Postby Wurzel » Sun Oct 08, 2017 10:14 pm

Kingston Lacey 13-08-2017

Over the next couple of week I spent almost every waking hour (well maybe not quite that much but it certainly felt that way) finishing up the paint work on the house and getting various bits and pieces sorted out ready for the arrival of my sister, brother in-law and my niece who were back from Oz for a month. Luckily the weather wasn’t the best although there were times when I would catch myself gazing out of the window during a few moments of respite for my knees – its hard work painting skirting boards and now I reckon that my knees are 30 years older than the rest of my body!
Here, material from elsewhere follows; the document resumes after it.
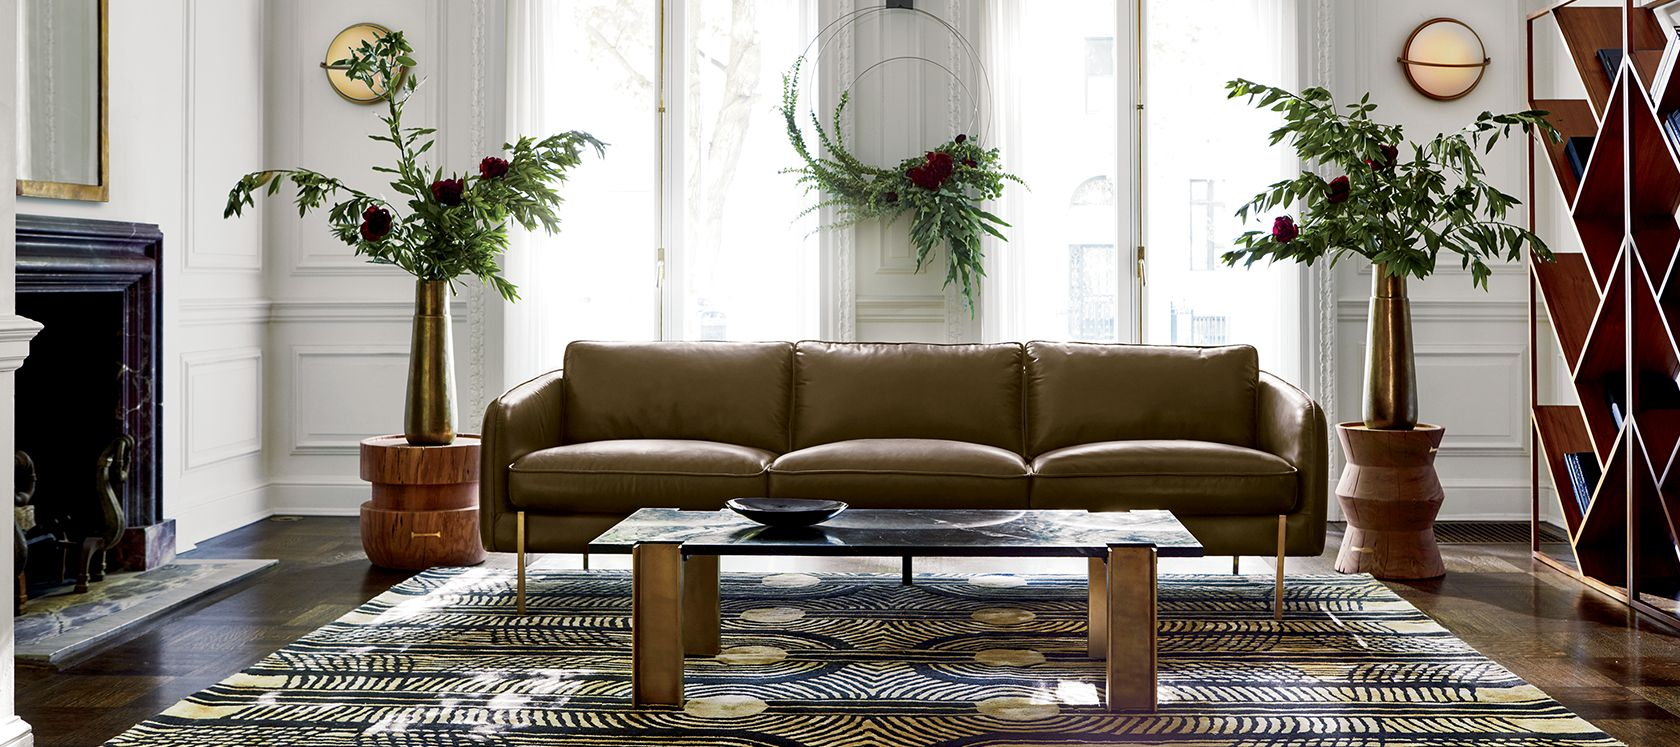 Design Shop All Furniture

After the usual doings and meet ups with various relations come Sunday we all headed over to Kingston Lacey for a picnic and then a mooch around the grounds and gardens. Once on site we set up on the lawn and ate heartily, it was nice to see colours and not just ‘Farrow and Ball - All White’ and I managed to make a couple of sojourns out from the picnic rug and check out some of the flower laden borders. I was accompanied by my niece and what she lacked in subtlety she made up for in sheer enthusiasm and she happily pointed out butterfly after butterfly; each one would receive and appreciative “Wow” before she would bustle off to find the next one. In this way I notched up a couple a piece of Meadow Brown, Brimstone, Red Admiral, Comma and Green-veined White as well as both Small and Large Whites and a female Common Blue and all within a couple of steps. The thing I was most pleased about was watching a Hornet take a bee and then dispatch it, all whilst hanging upside down from two of its tarsi. My niece wasn’t that impressed though and we had to head back to the others.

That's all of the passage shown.